The show ends with examples from the late period of Turner's work, exhibited in a brilliantly hued, wine-colored gallery. The watercolors, chalk drawings, oils and gouaches sum up the atmospheric effects of light he always sought and then radically abstracted.
Turner was reclusive and short and stocky, with a prominent nose and receding chin. He never married, though he fathered two children. He stubbornly tried to keep his professional and personal lives strictly separate.
A.J. Finberg wrote in "The Life of J.M.W. Turner, R.A.: " He was thoroughly plebian in all things, a consummate workman and tradesman.The only interesting thing about him is that he was the man who painted Turner's pictures. He lived entirely for his work."
Turner himself wrote, "No one seeing me would believe, upon seeing my likeness, that I painted these pictures."
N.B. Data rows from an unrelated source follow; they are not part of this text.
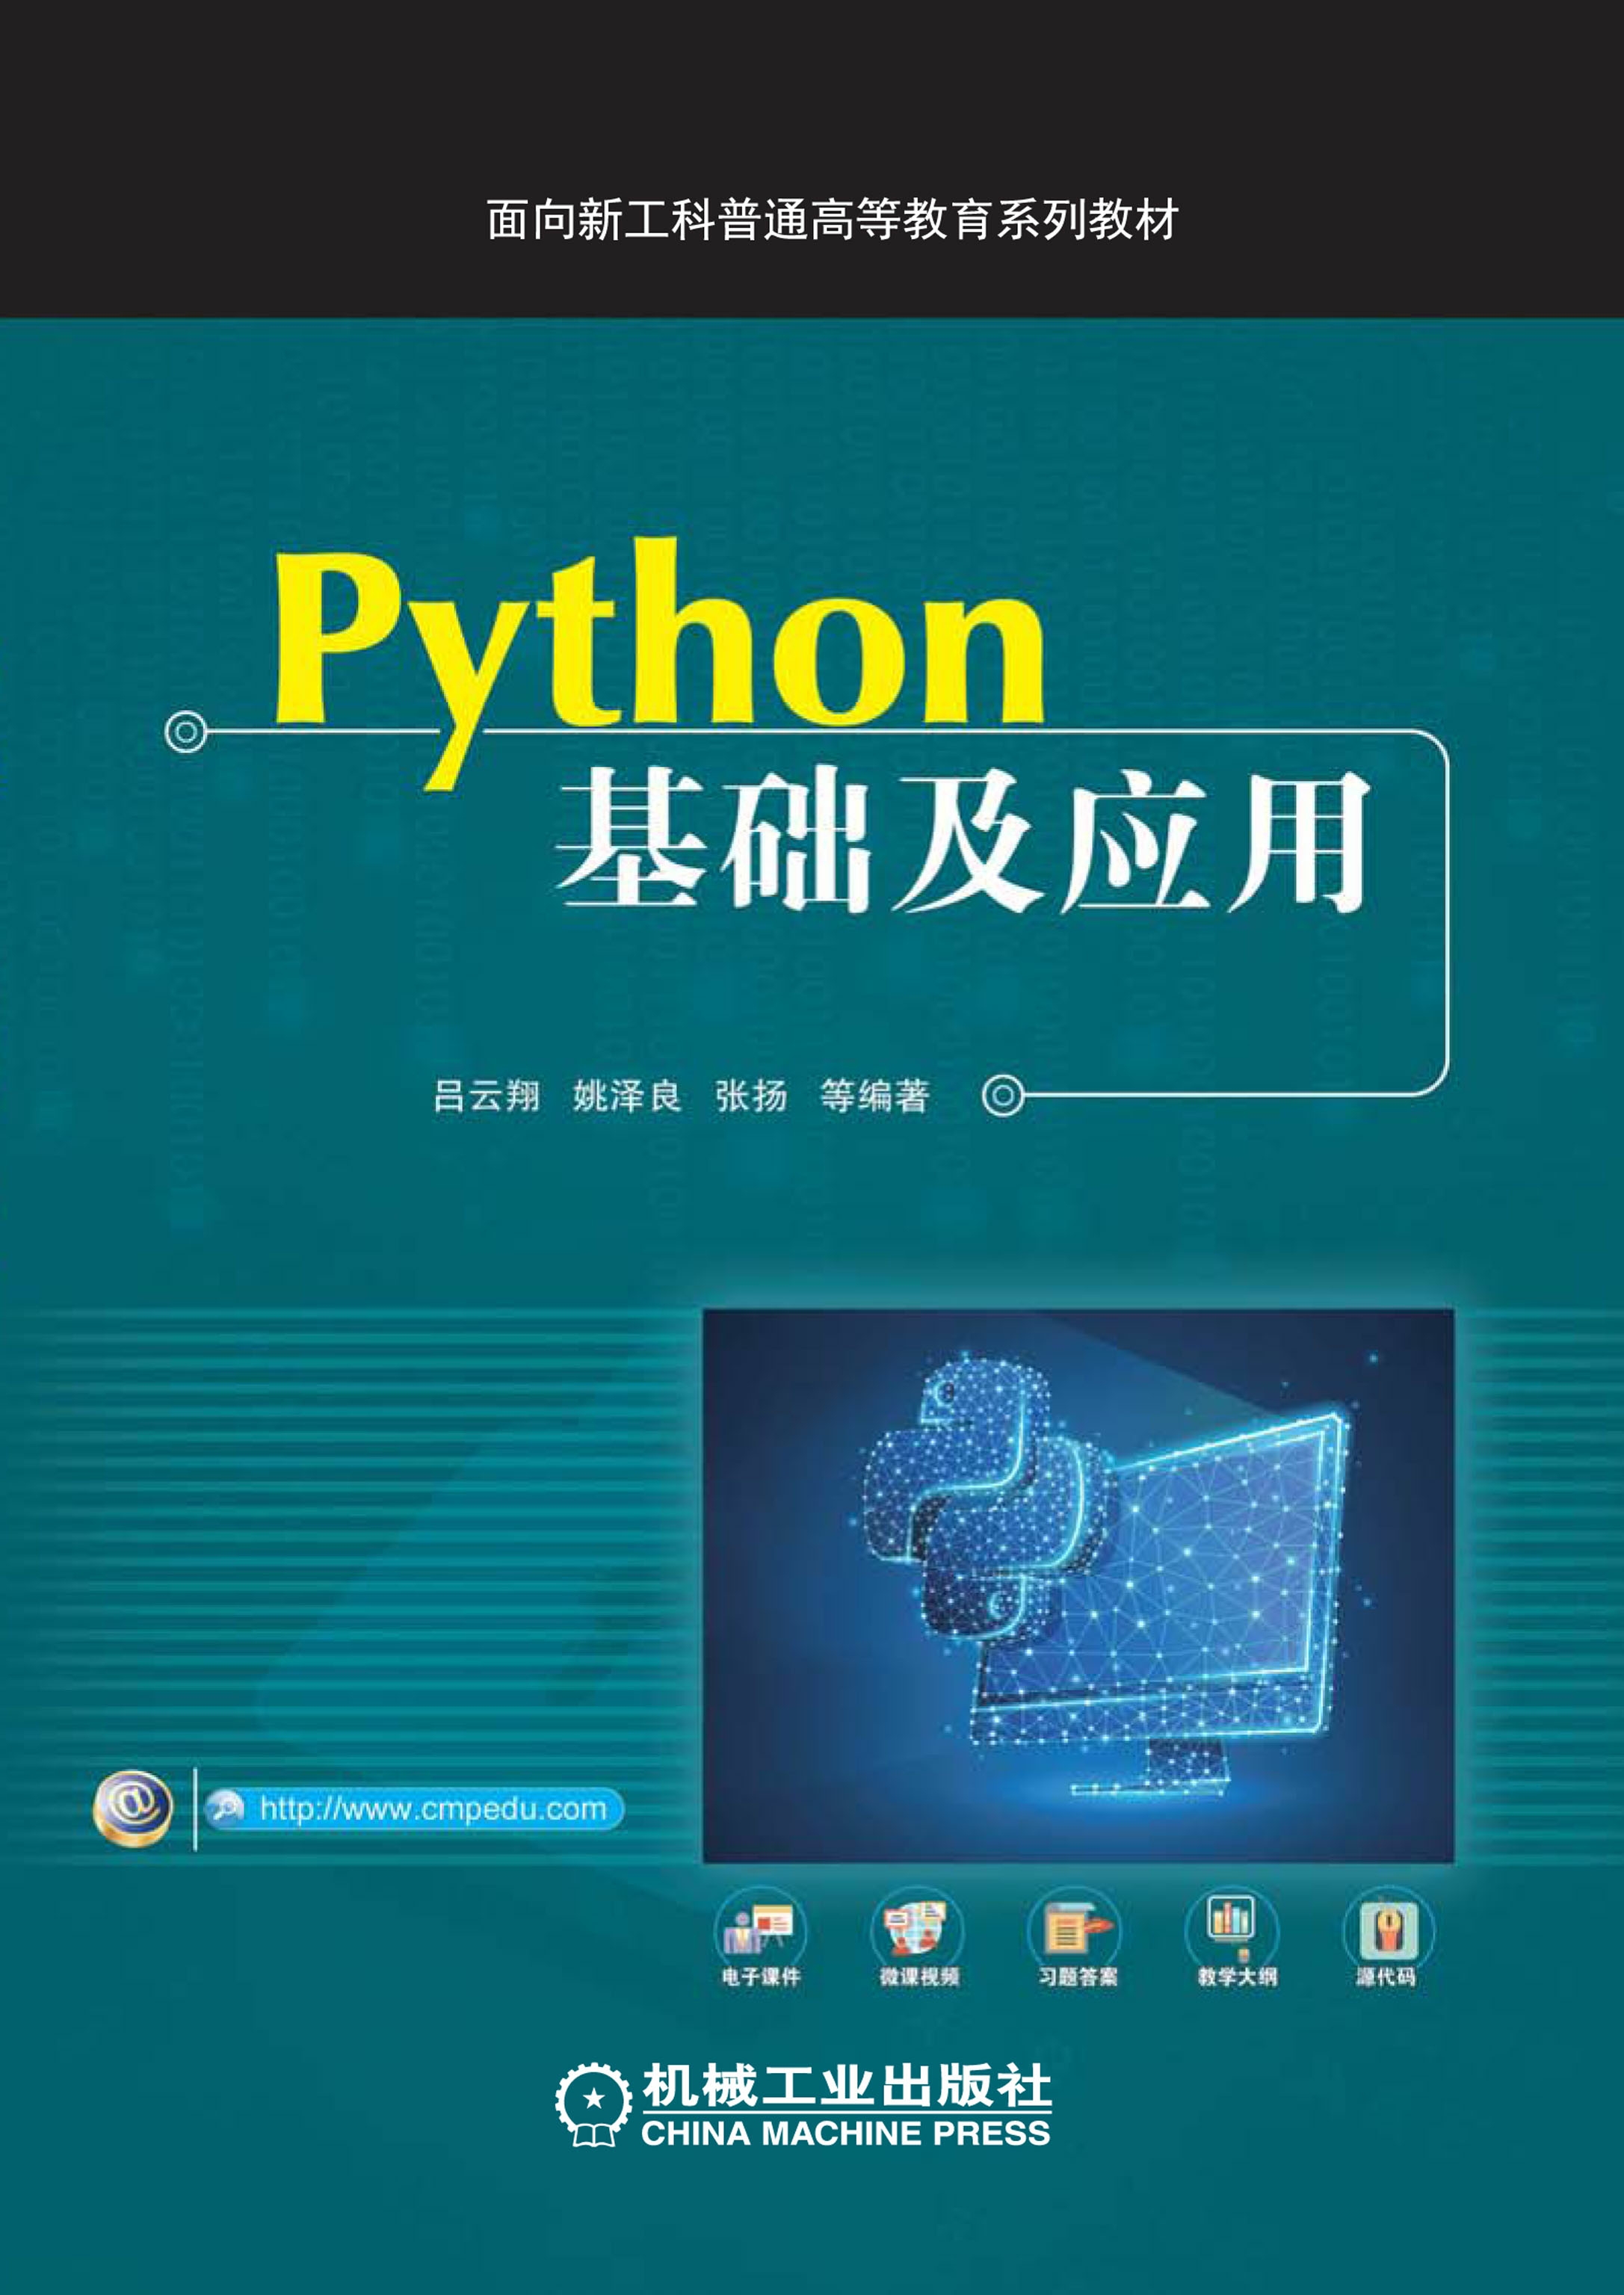 Python基础及应用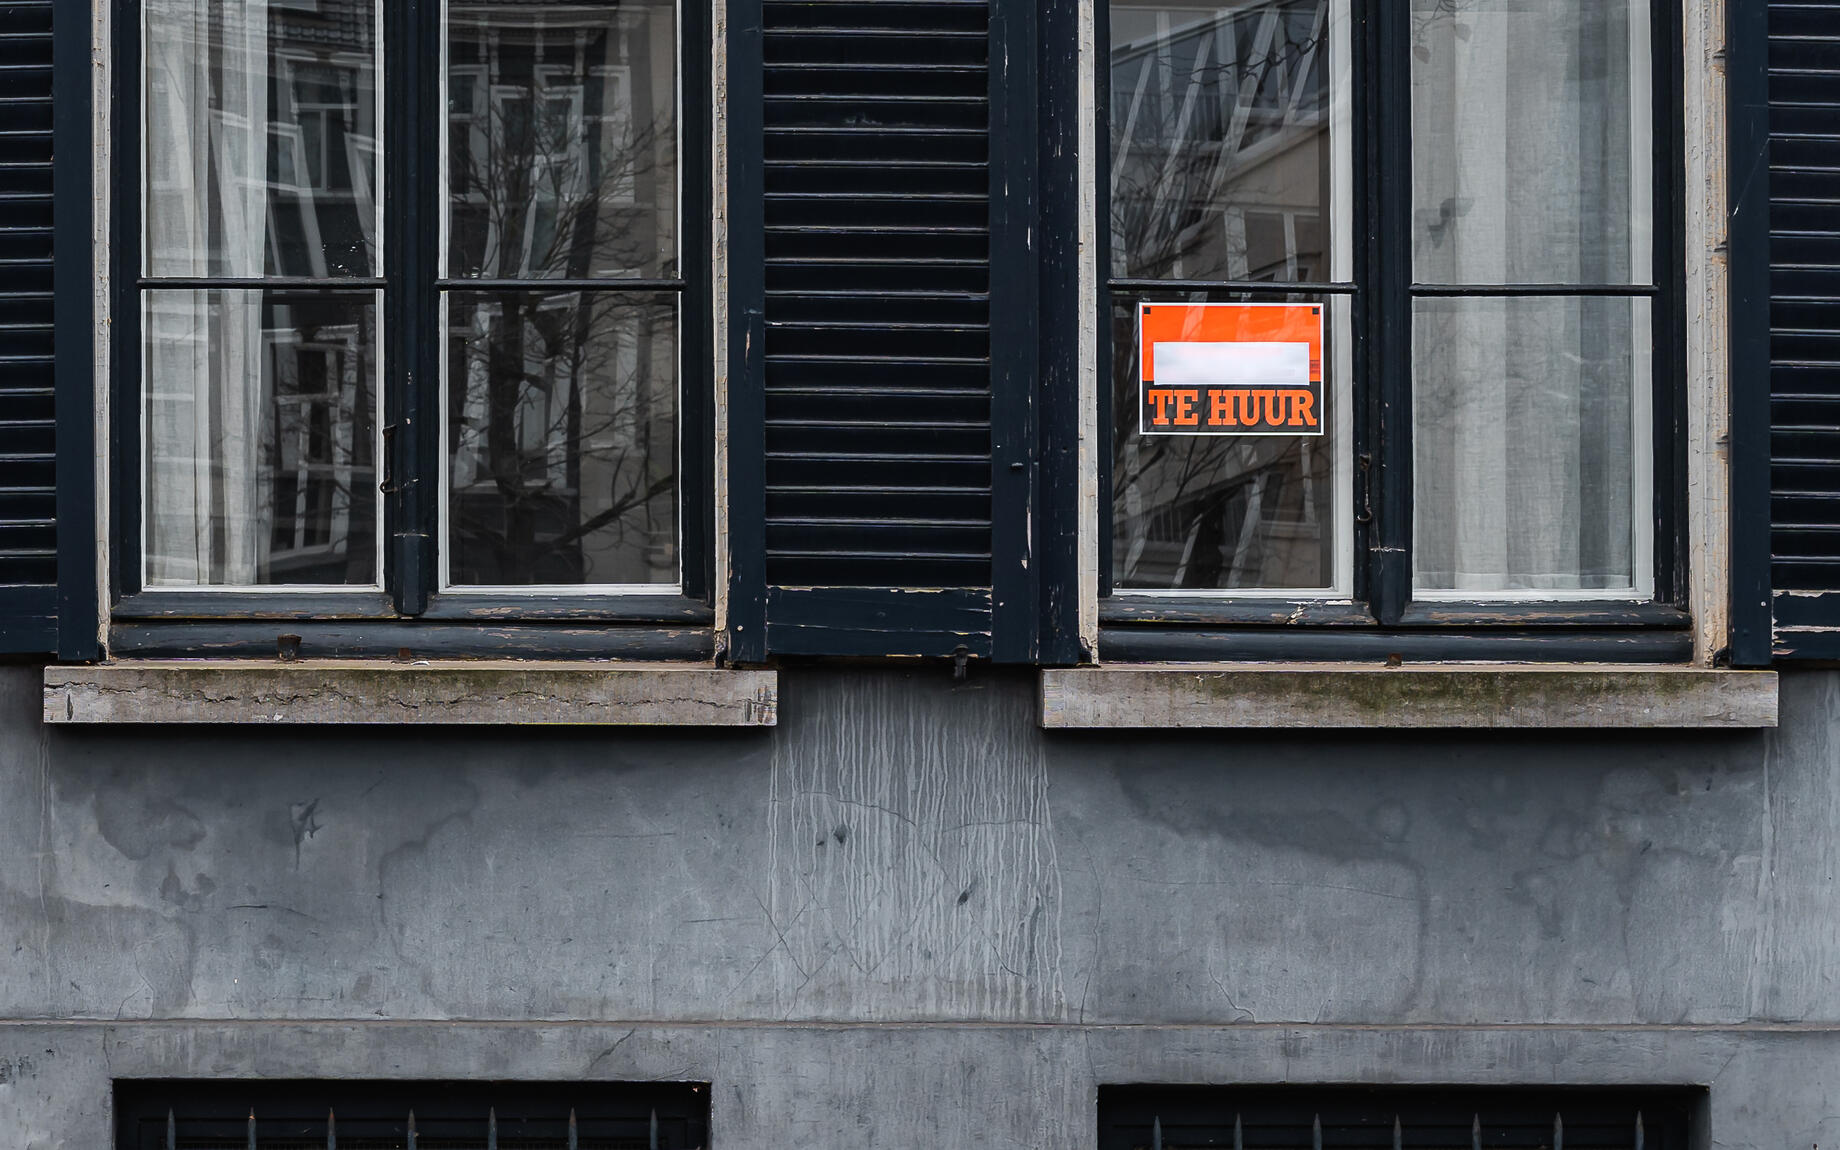 Papier met "te huur" hangt aan raam in Gent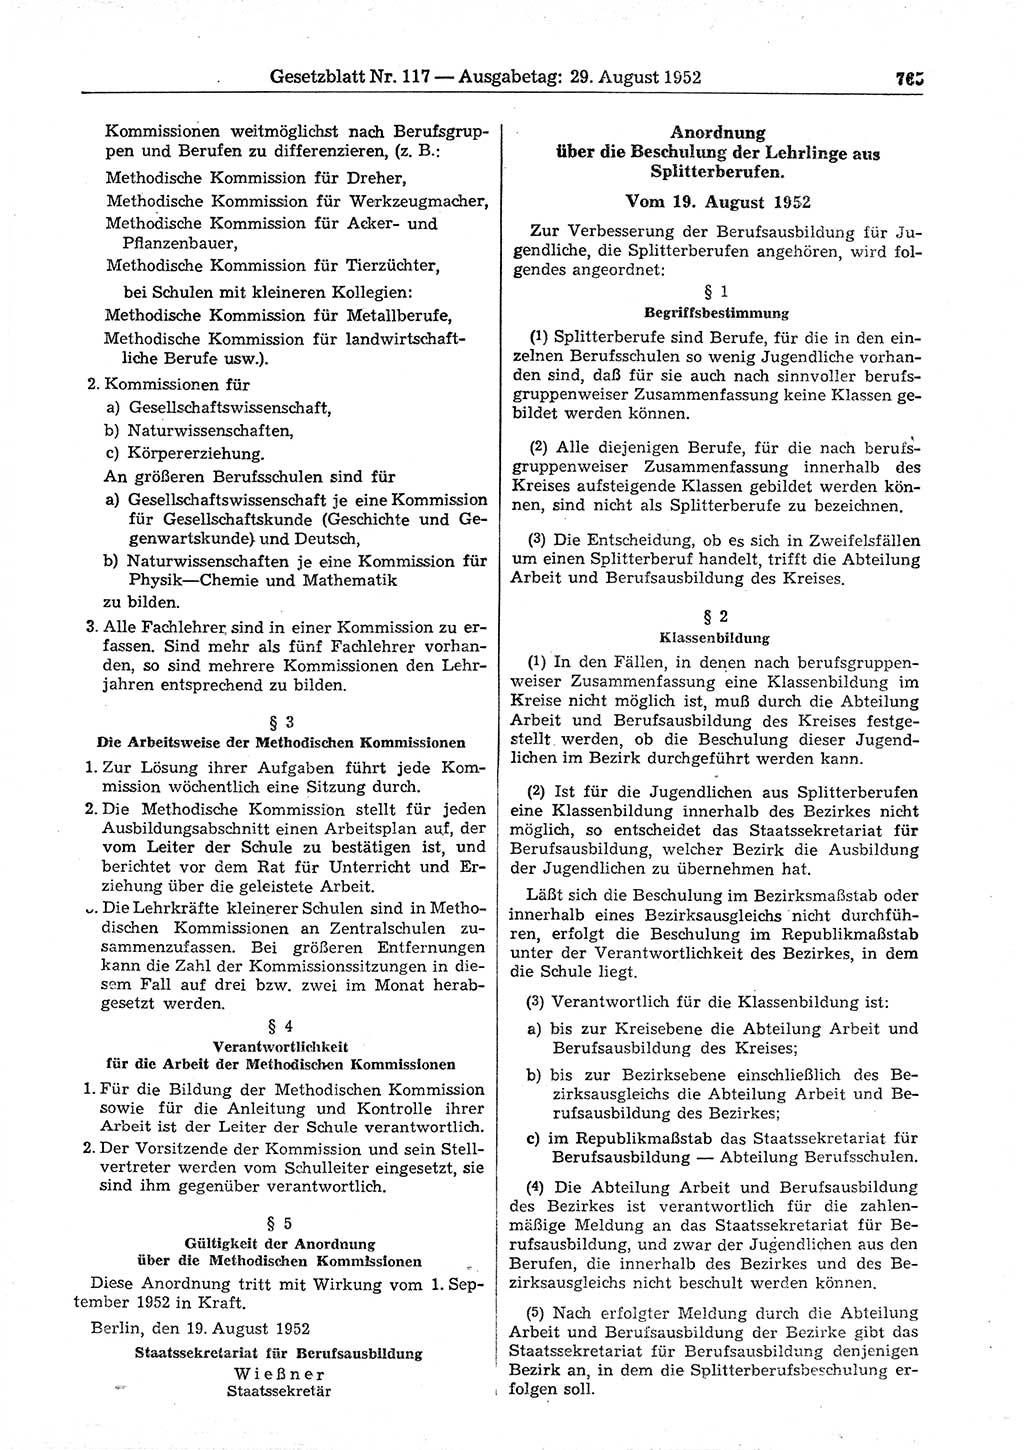 Gesetzblatt (GBl.) der Deutschen Demokratischen Republik (DDR) 1952, Seite 765 (GBl. DDR 1952, S. 765)

The artist spent his last years in his home on Queen Anne Street in London. Although it was described as "dingy and unkempt," the house saw many visitors. His other residence was a small artisan's house overlooking the Thames River, which he kept secret from his friends.
Turner was concerned about his place in art history and bequeathed much of the art he owned when he died to England. He had carefully planned what he would leave by keeping many works and buying back those he thought important.
Fortunately, many of the sketches and drawings for the prints remain. Tate curator Ian Warrell chose to emphasize that Turner was forward-looking by displaying them rather than the more famous paintings. He wanted to stress Turner's genius by displaying the watercolor sketches and preliminary pencil drawings.

WHAT: "Reflections of Sea and Light: Paintings and Watercolors By J.M.W. Turner From Tate"
WHERE: Baltimore Museum of Art, 10 Museum Drive, Baltimore
WHEN: 11 a.m. to 5 p.m. Wednesdays through Fridays, 11 a.m. to 6 p.m. weekends, free on the first Thursday of each month from 5 to 8 p.m.; tomorrow through May 26
TICKETS: $12 adults; $10 for seniors, college students and groups of 15 or more; $6 for ages 6 to 18; and free for children younger than 6. Timed tickets on weekends through TicketMaster by phone, online and at Ticketmaster outlets. Tickets also may be purchased at the museum box office.